» **What you are asked to do**
Only the pictures are to be omitted; every entry beneath should otherwise be duplicated exactly.

» **Supplied entries**
=== Section Start ===

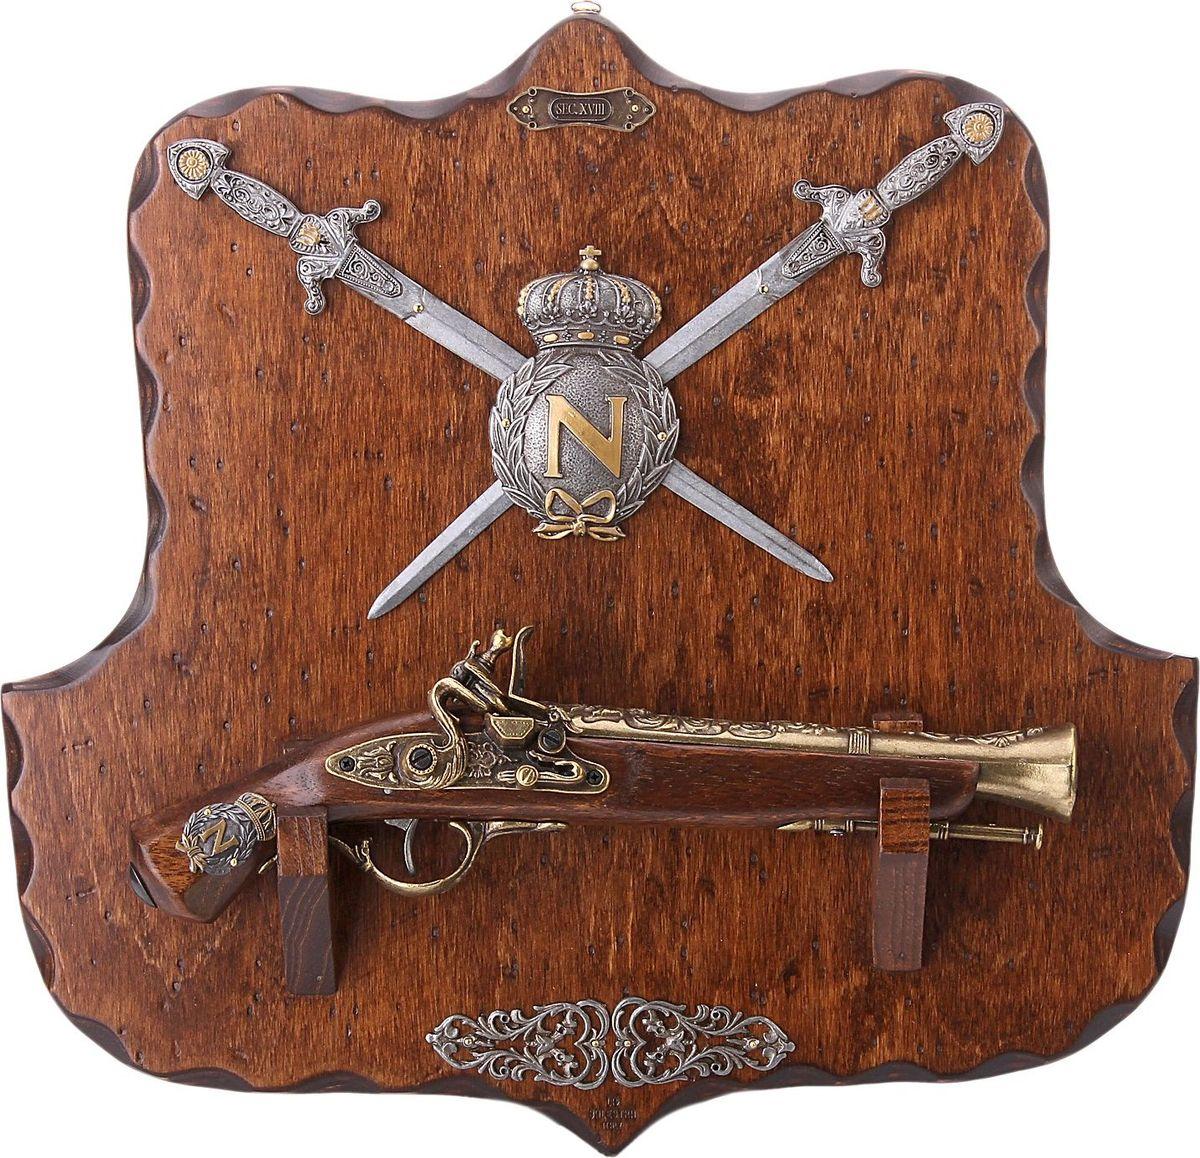 Сувенирное оружие La Balestra Макет пистоля и 2 кинжалов NapoIeon, на планшете, 45 х 42 х 6 см665982Состав: панель из березы, ствол пистоля из белой лимбы, металлические детали из цинково-алюминиевого сплава.
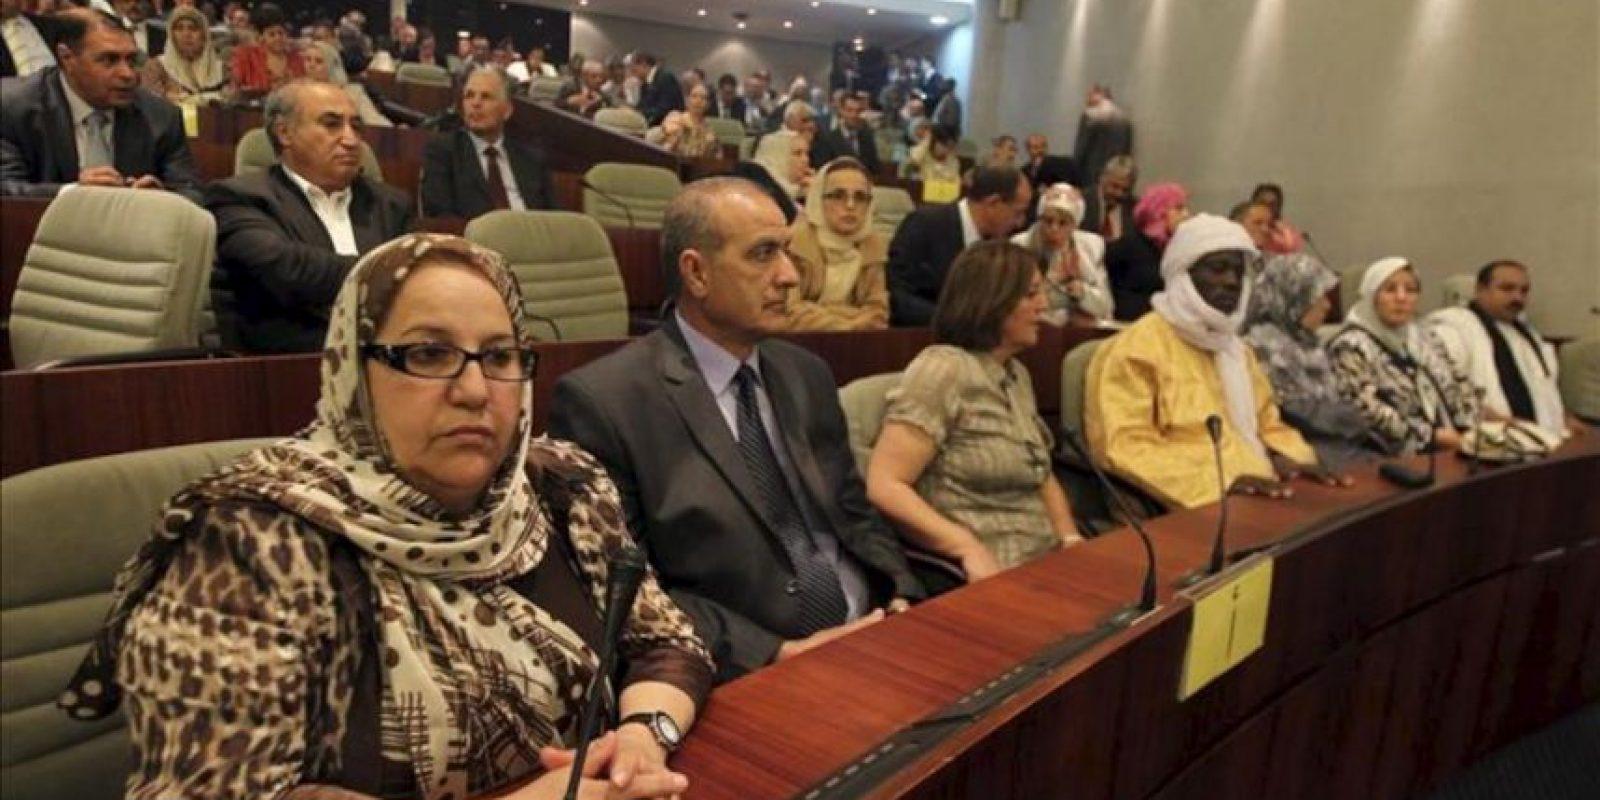 Diputados asisten a la ceremonia de constitución del nuevo Parlamento argelino surgido de las elecciones legislativas del pasado 10 de mayo, en Argel, Argelia. EFE
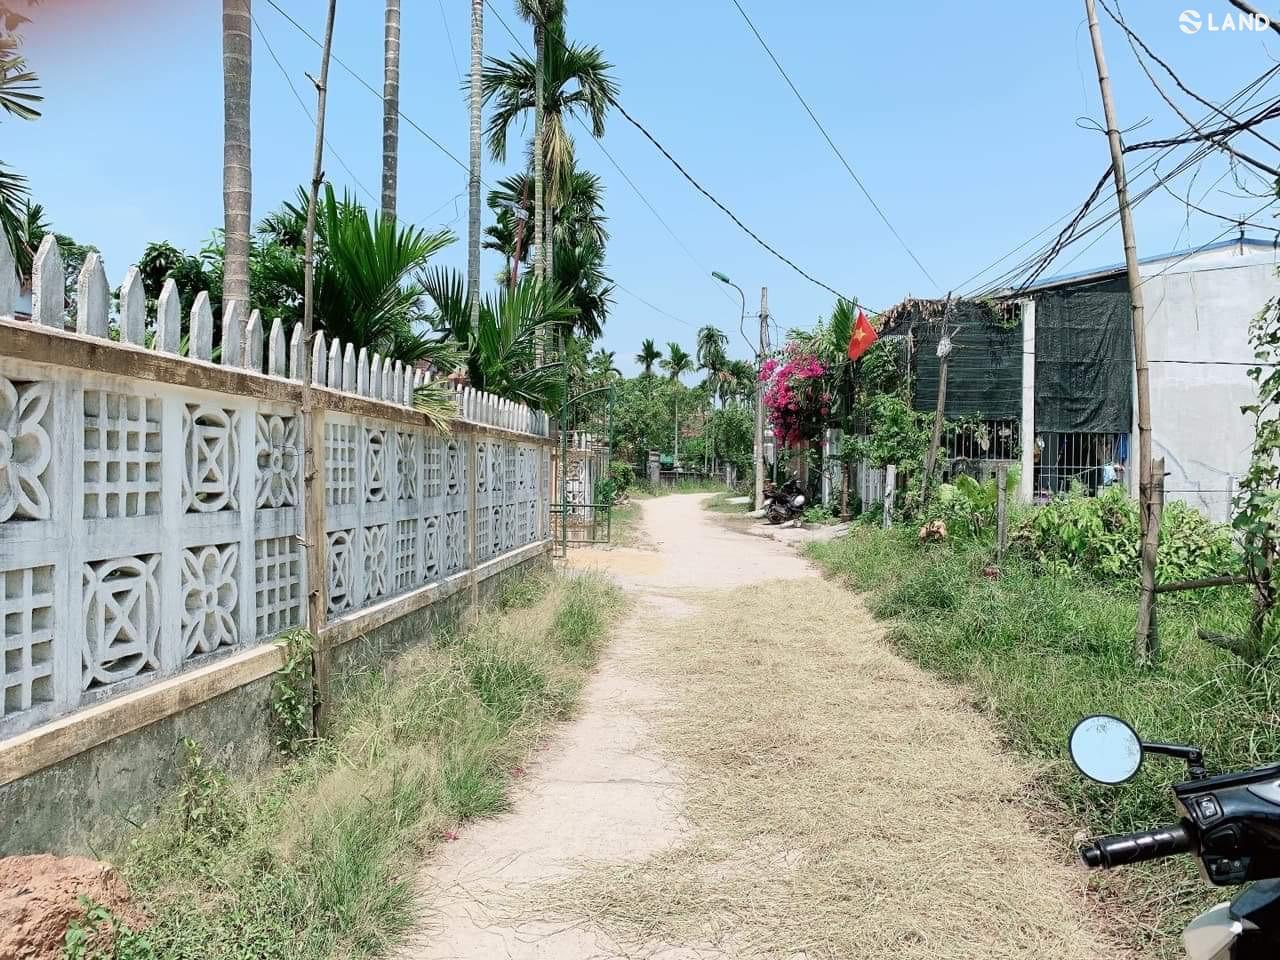 Bán Nhanh Lô Đất Kiệt 22 Nguyễn Dương Trực, Thủy Phương, Hương Thủy Huế.
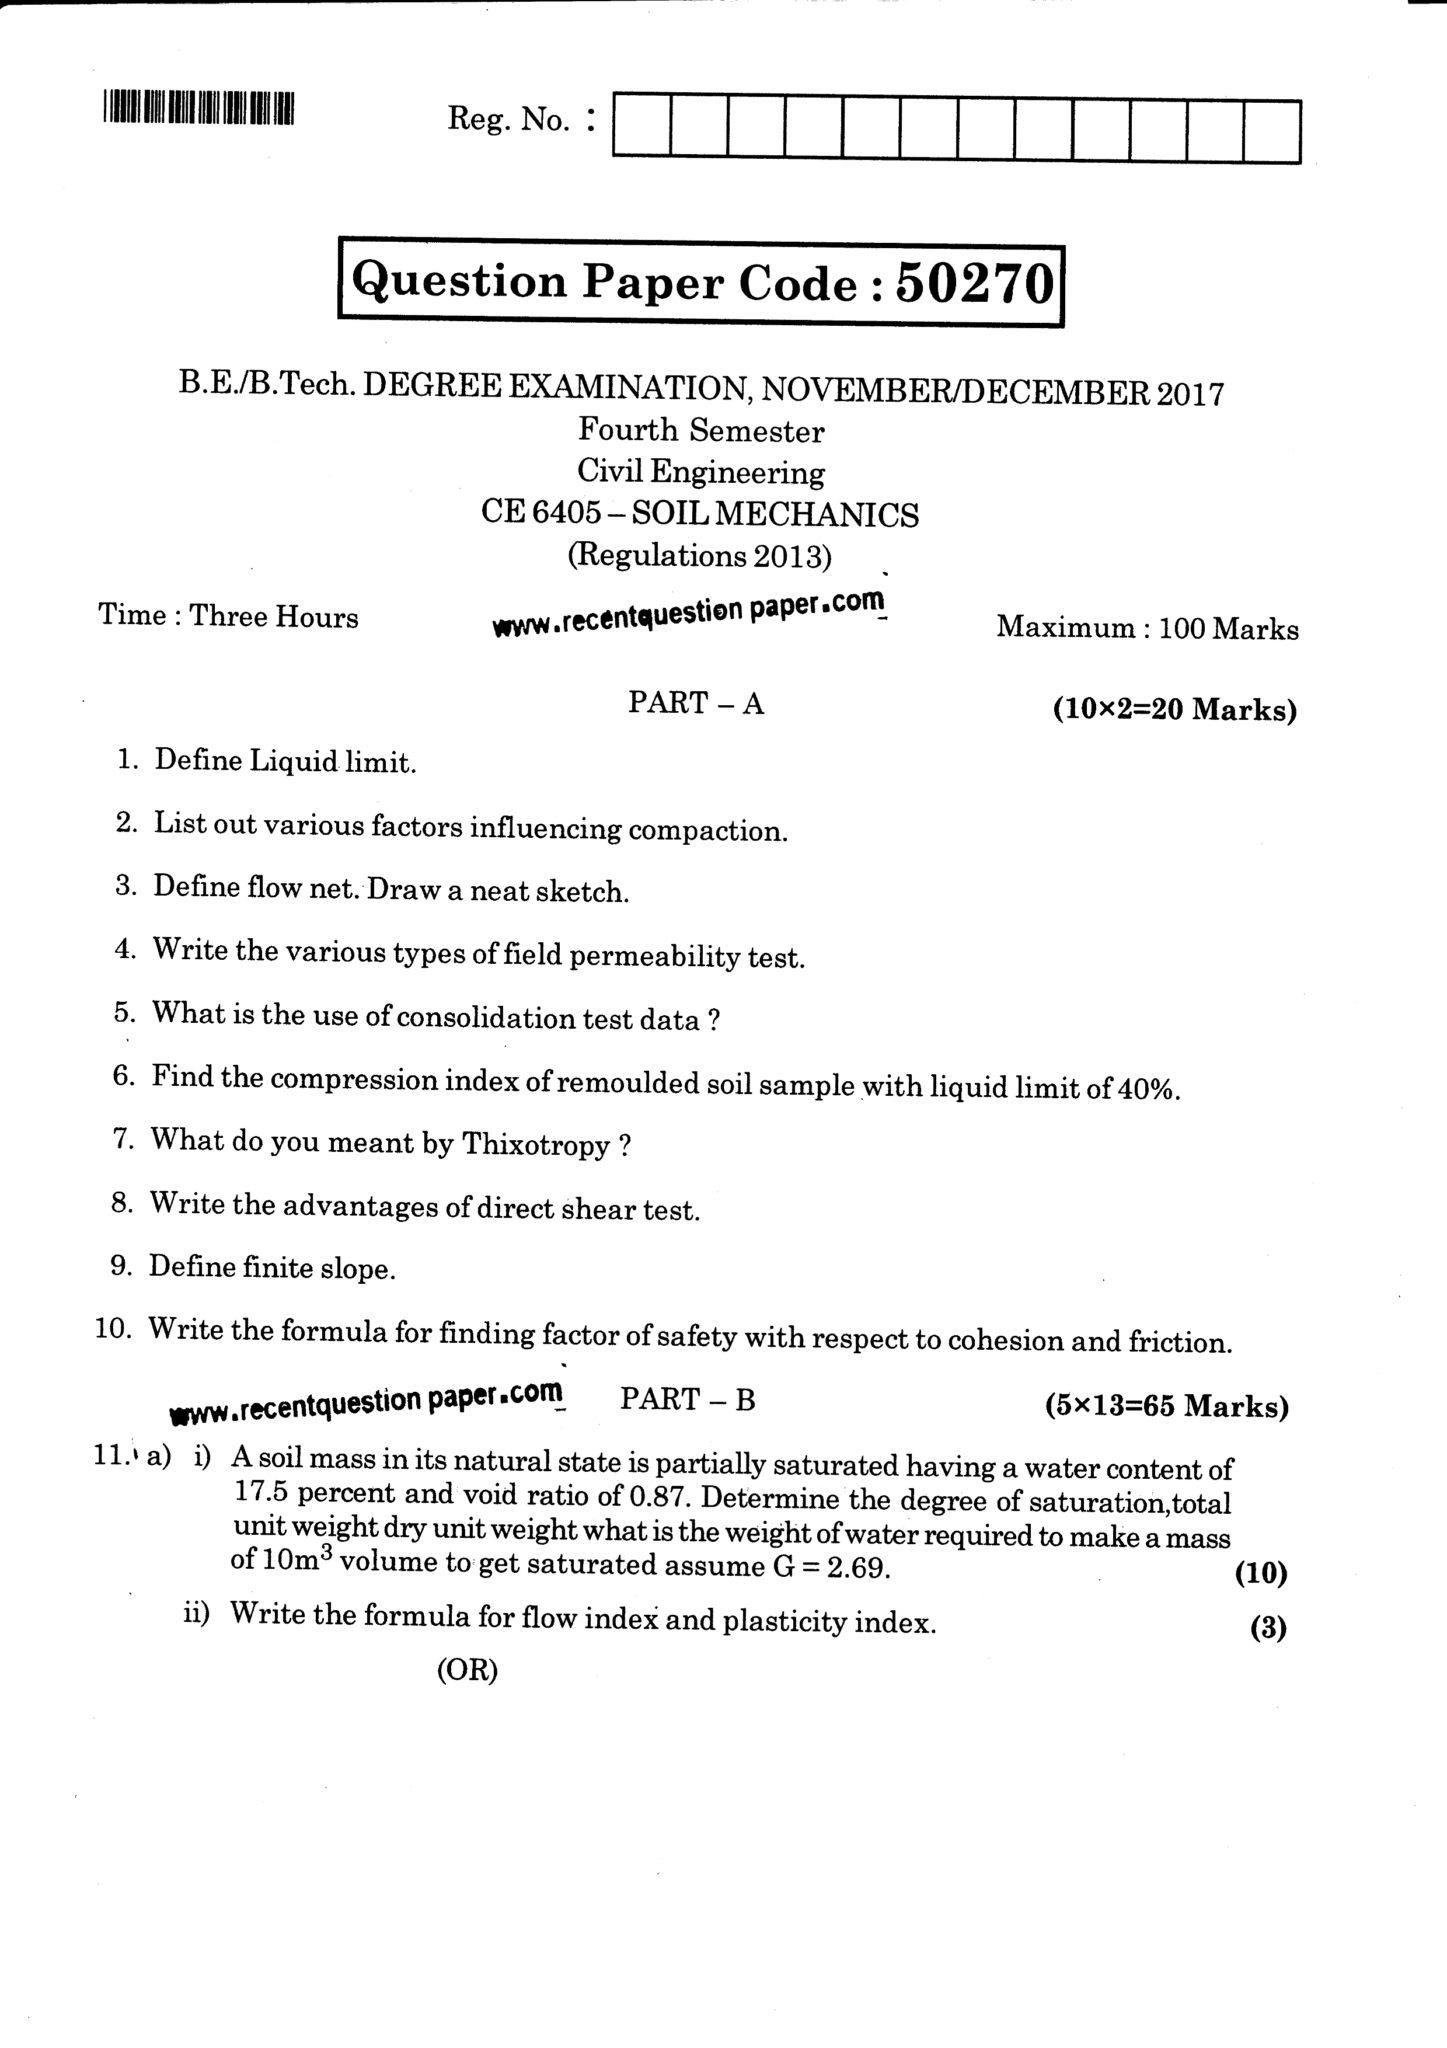 CE6405 Soil Mechanics Nov/Dec 2017 Anna University Question
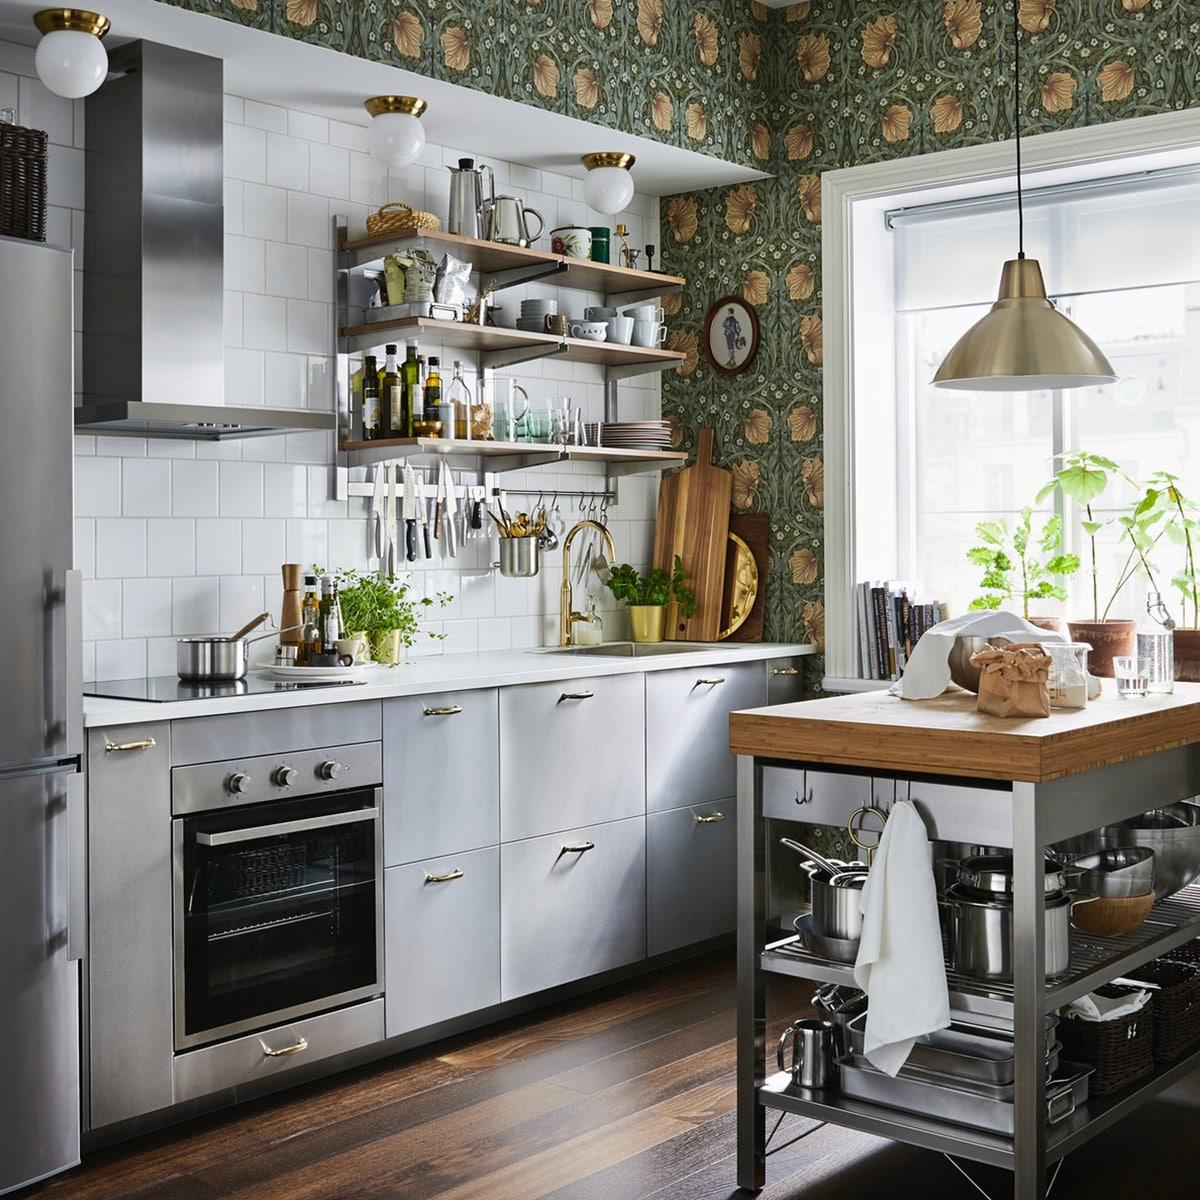 Kücheninspiration - IKEA
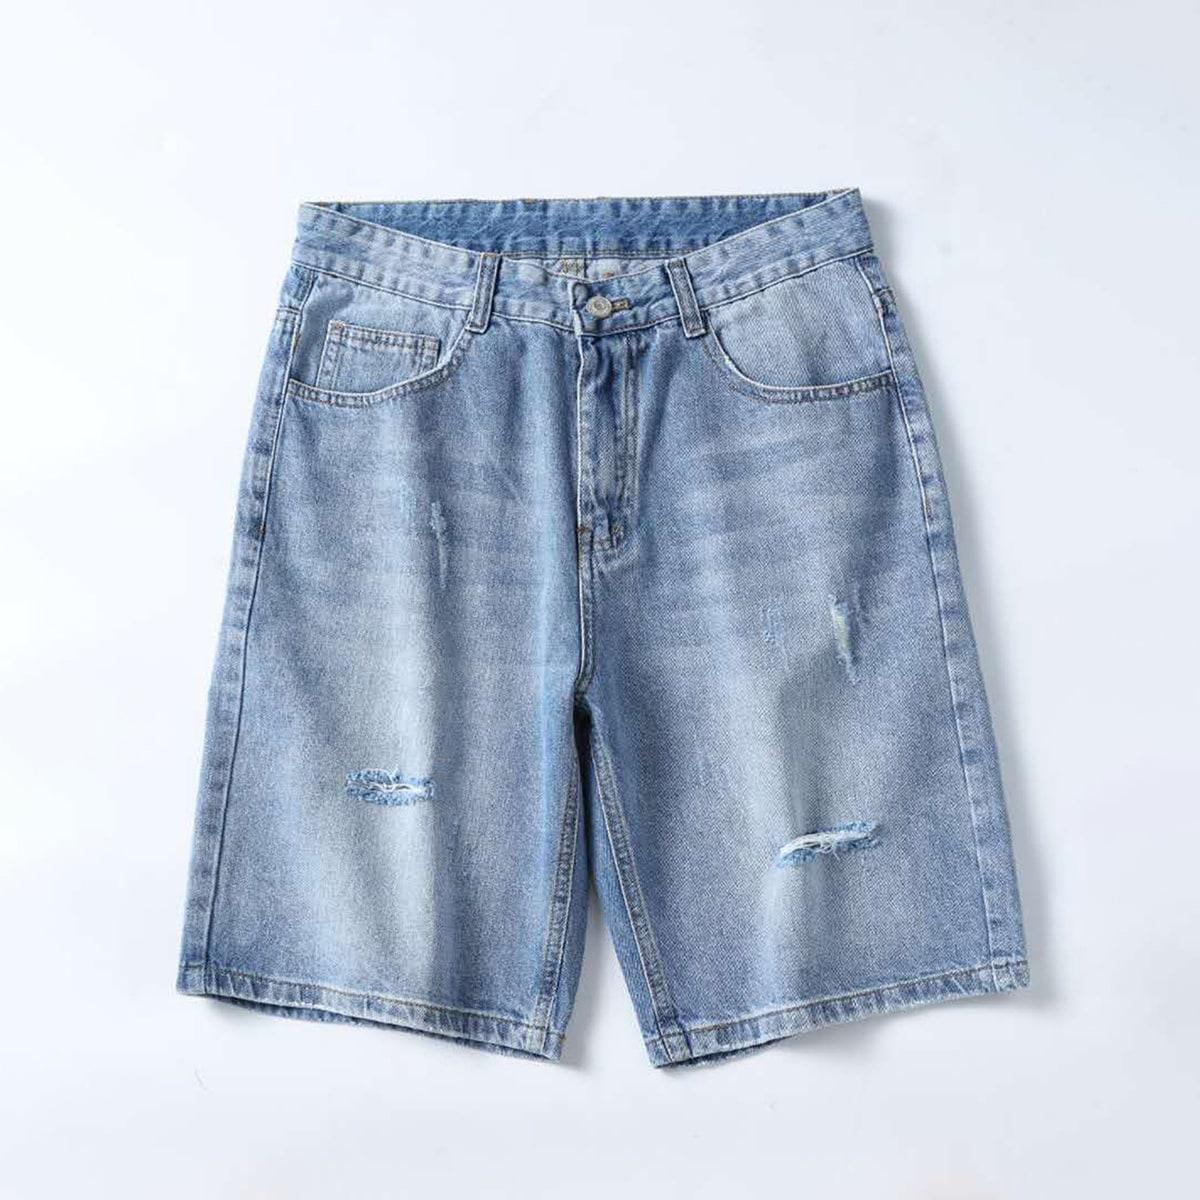 Карман Одноцветный Повседневный Мужские джинсовые шорты

=== Section End ===

» **Completed exercise**
 Сувенирное оружие La Balestra Макет пистоля и 2 кинжалов NapoIeon, на планшете, 45 х 42 х 6 см665982Состав: панель из березы, ствол пистоля из белой лимбы, металлические детали из цинково-алюминиевого сплава.
 Diputados asisten a la ceremonia de constitución del nuevo Parlamento argelino surgido de las elecciones legislativas del pasado 10 de mayo, en Argel, Argelia. EFE
 Bán Nhanh Lô Đất Kiệt 22 Nguyễn Dương Trực, Thủy Phương, Hương Thủy Huế.
 CE6405 Soil Mechanics Nov/Dec 2017 Anna University Question
 Kücheninspiration - IKEA
 Карман Одноцветный Повседневный Мужские джинсовые шорты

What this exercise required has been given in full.